**Source data**:
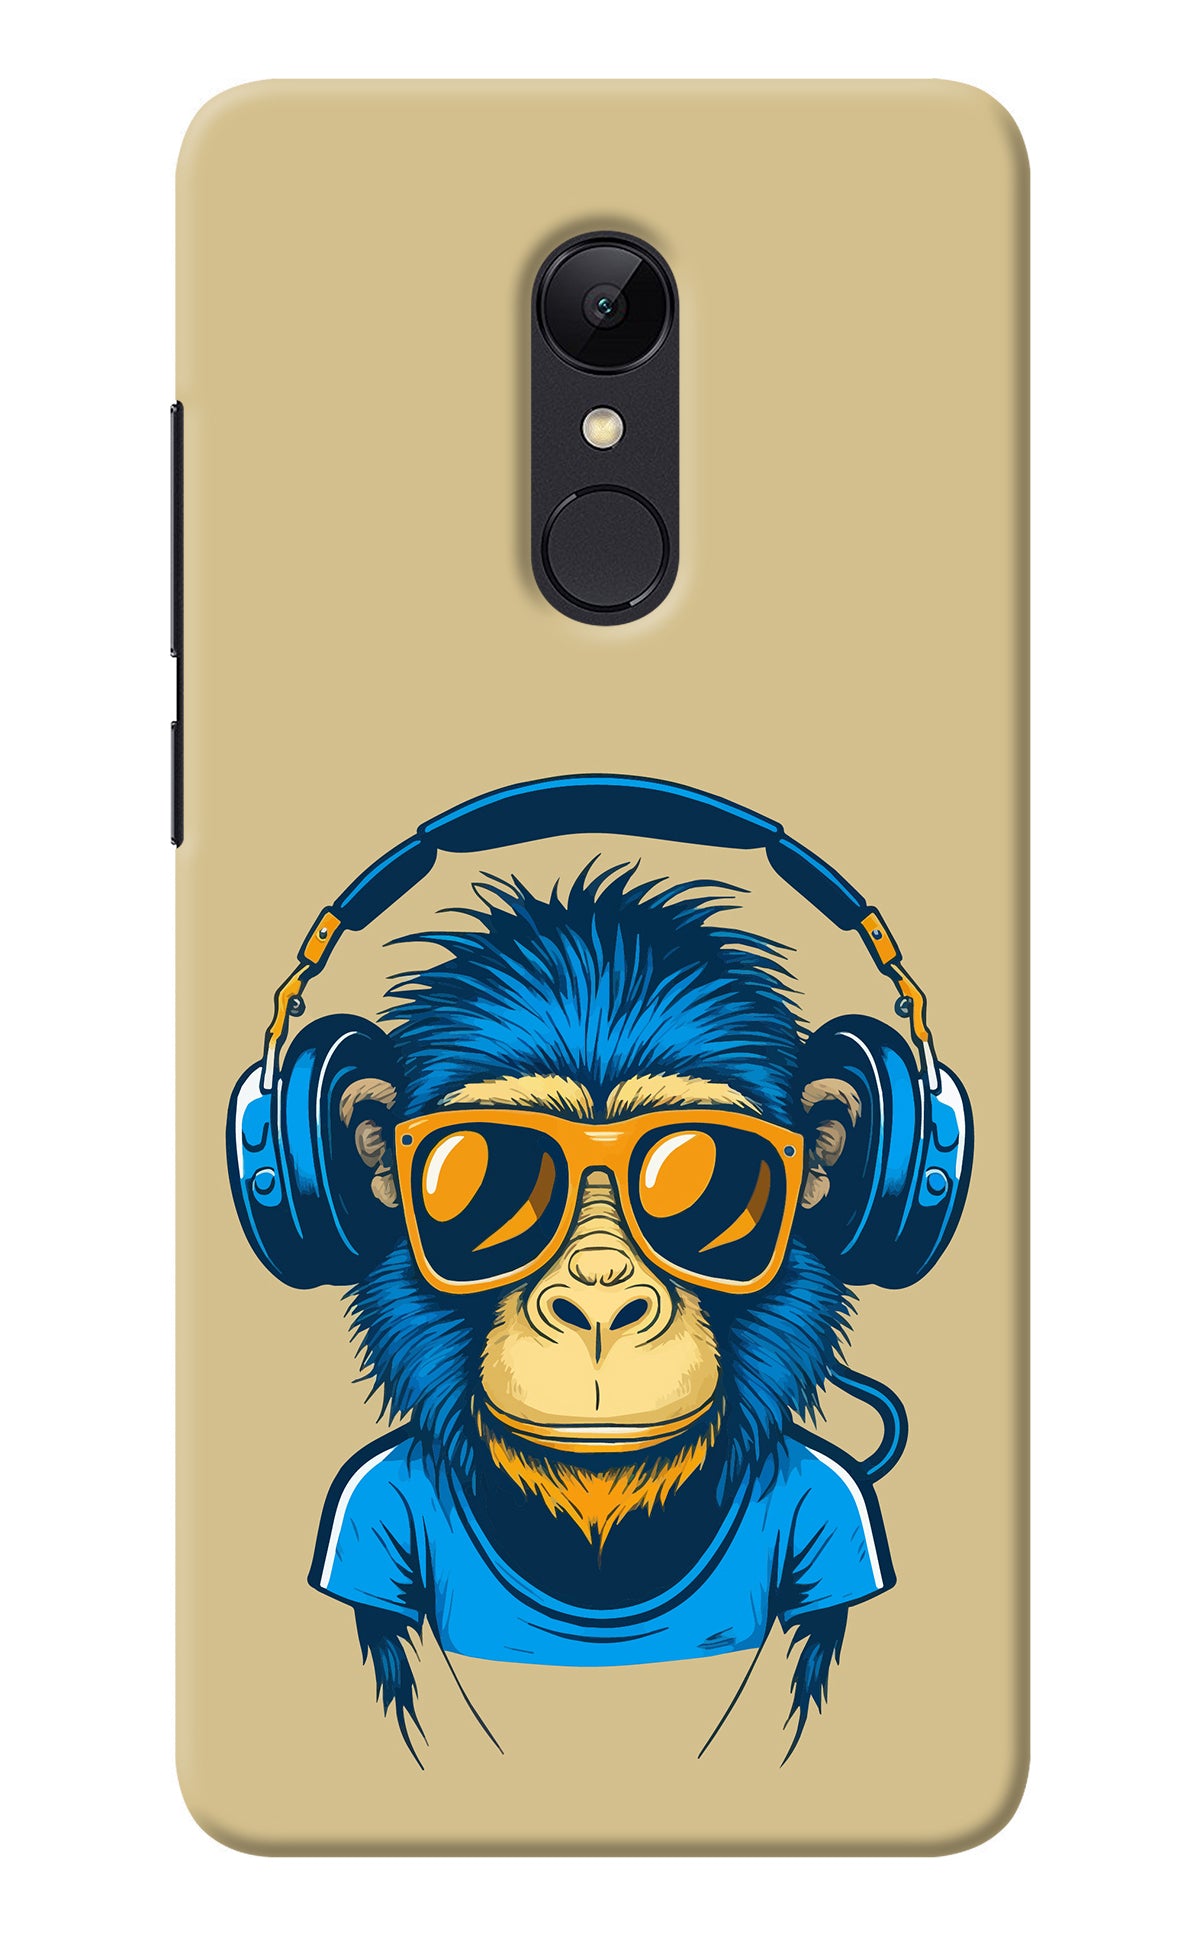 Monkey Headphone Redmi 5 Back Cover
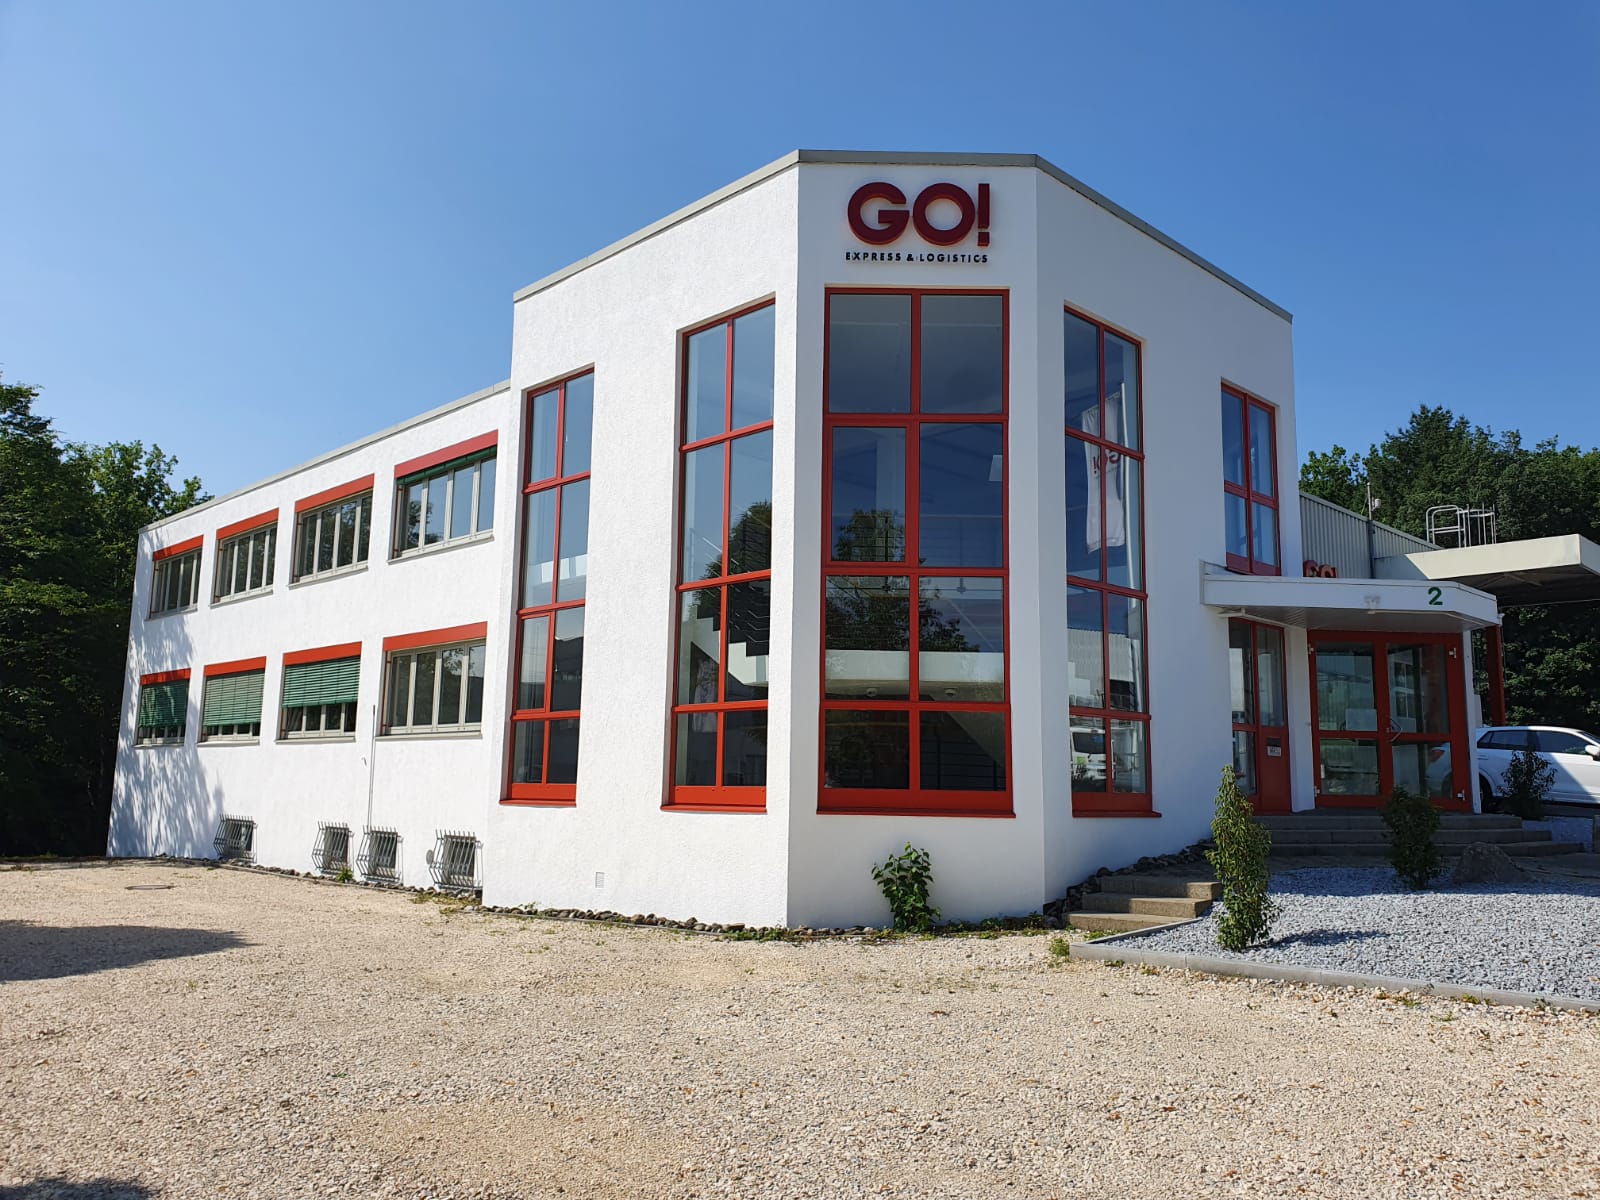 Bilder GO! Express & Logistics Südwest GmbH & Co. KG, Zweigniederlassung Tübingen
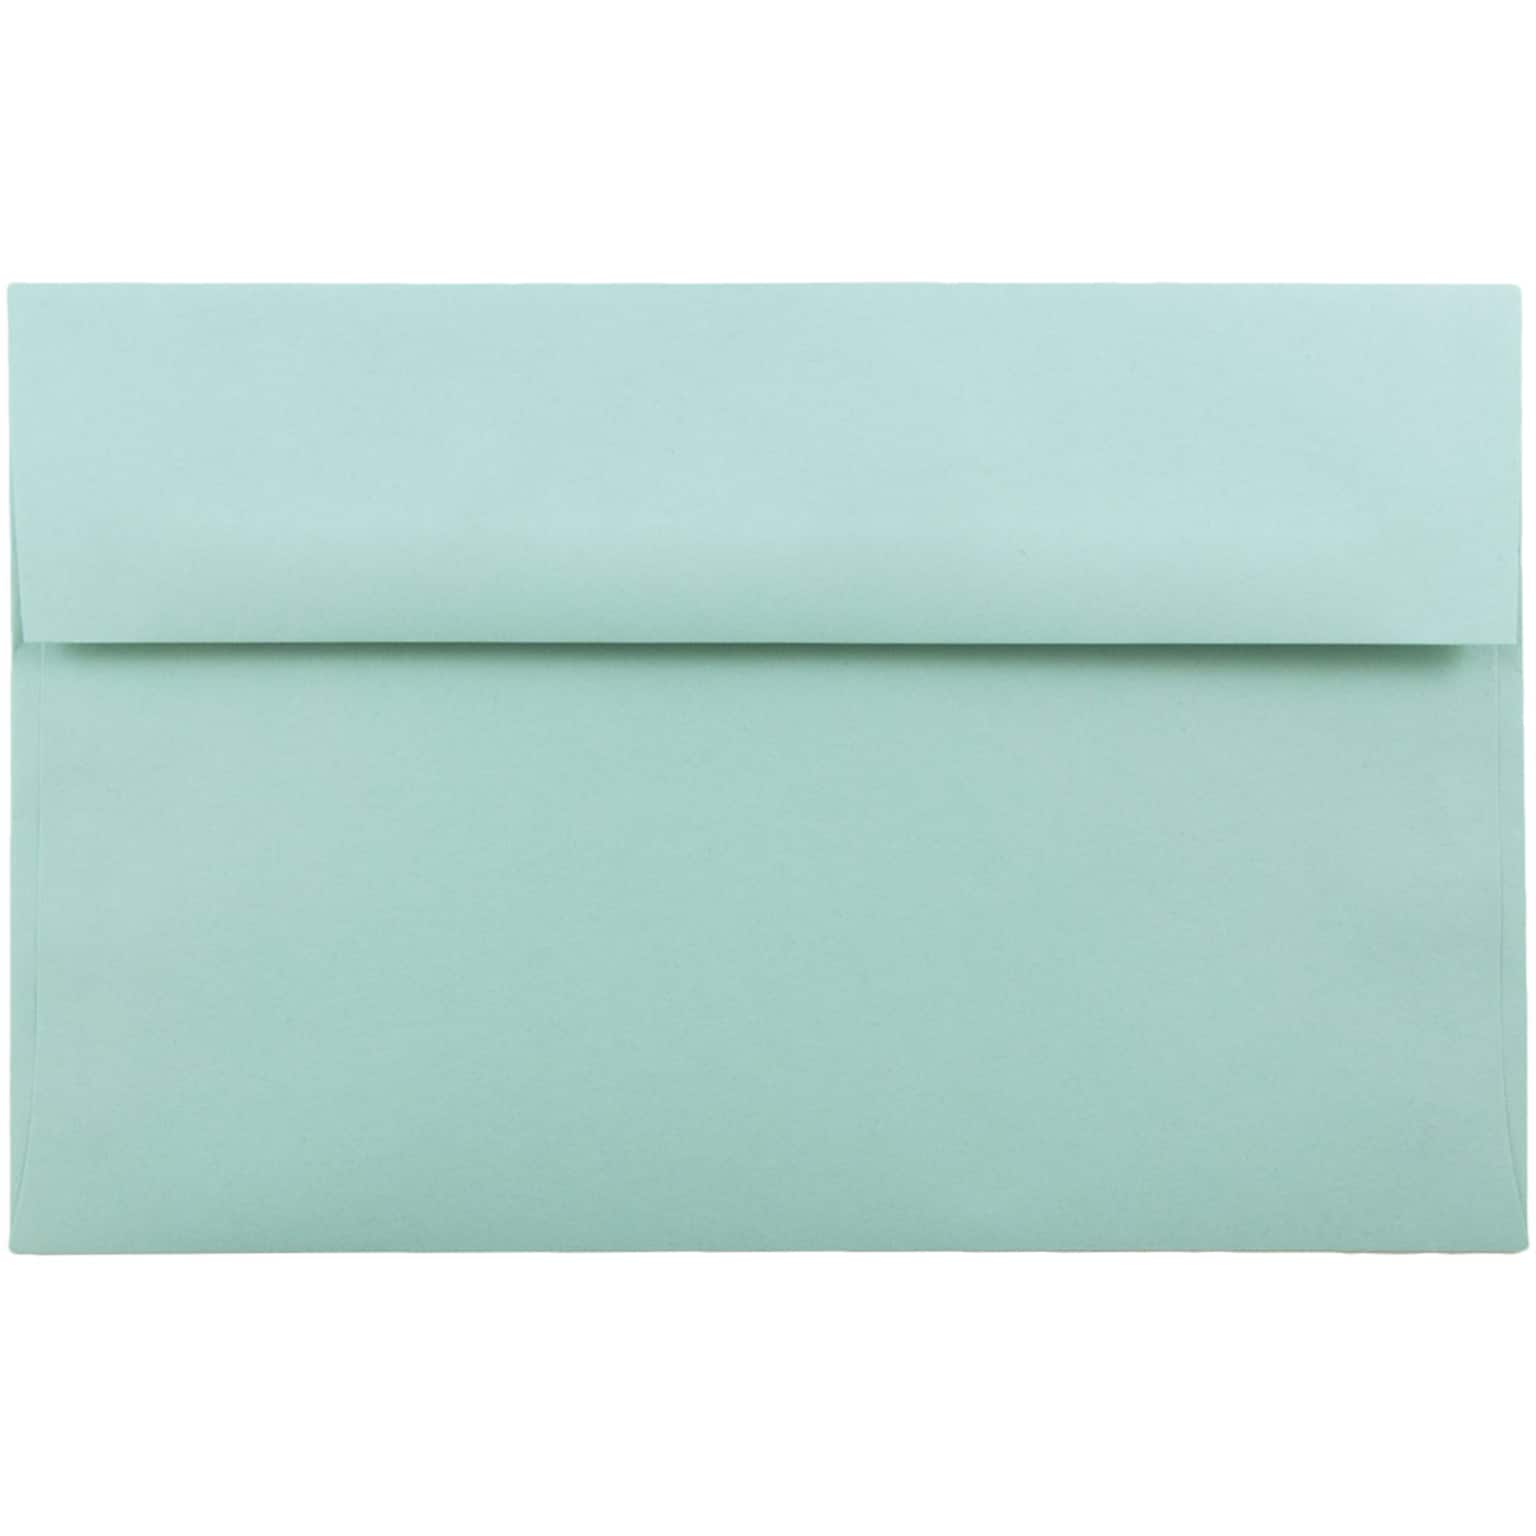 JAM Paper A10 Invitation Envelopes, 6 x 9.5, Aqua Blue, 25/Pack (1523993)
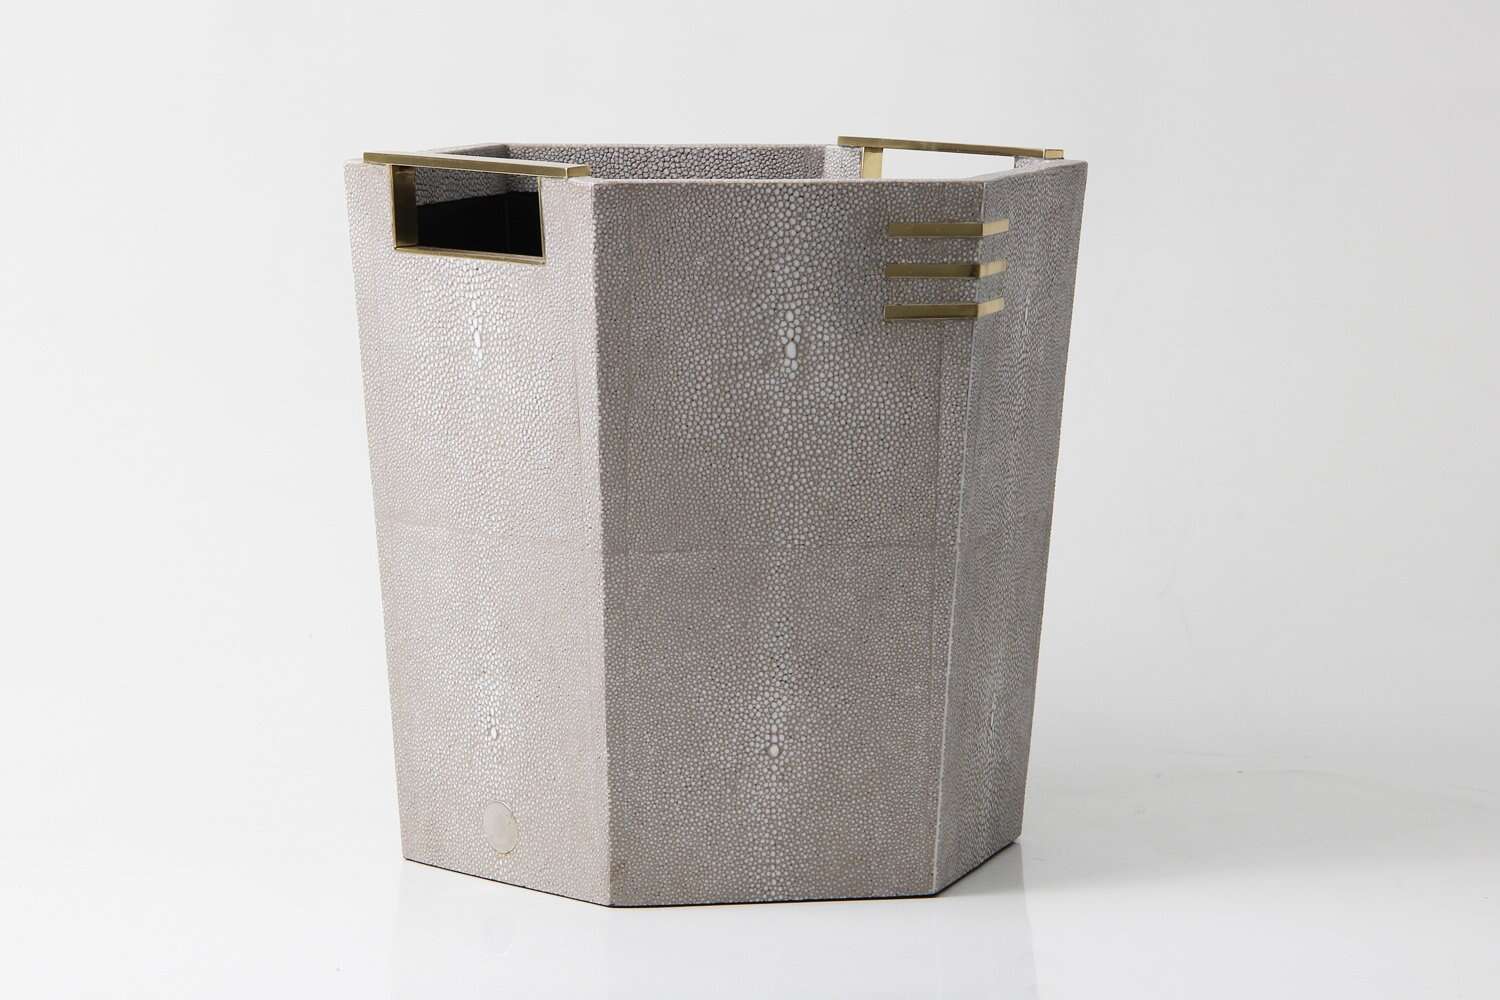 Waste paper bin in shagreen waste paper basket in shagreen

**Exercise**: Each line from the one that holds "Bilder GO! Express" through the end of the material should be repeated exactly, and nothing more. Leave out any picture.

**Reply**:
 Bilder GO! Express & Logistics Südwest GmbH & Co. KG, Zweigniederlassung Tübingen
 JAM Paper A10 Invitation Envelopes, 6 x 9.5, Aqua Blue, 25/Pack (1523993)
 Waste paper bin in shagreen waste paper basket in shagreen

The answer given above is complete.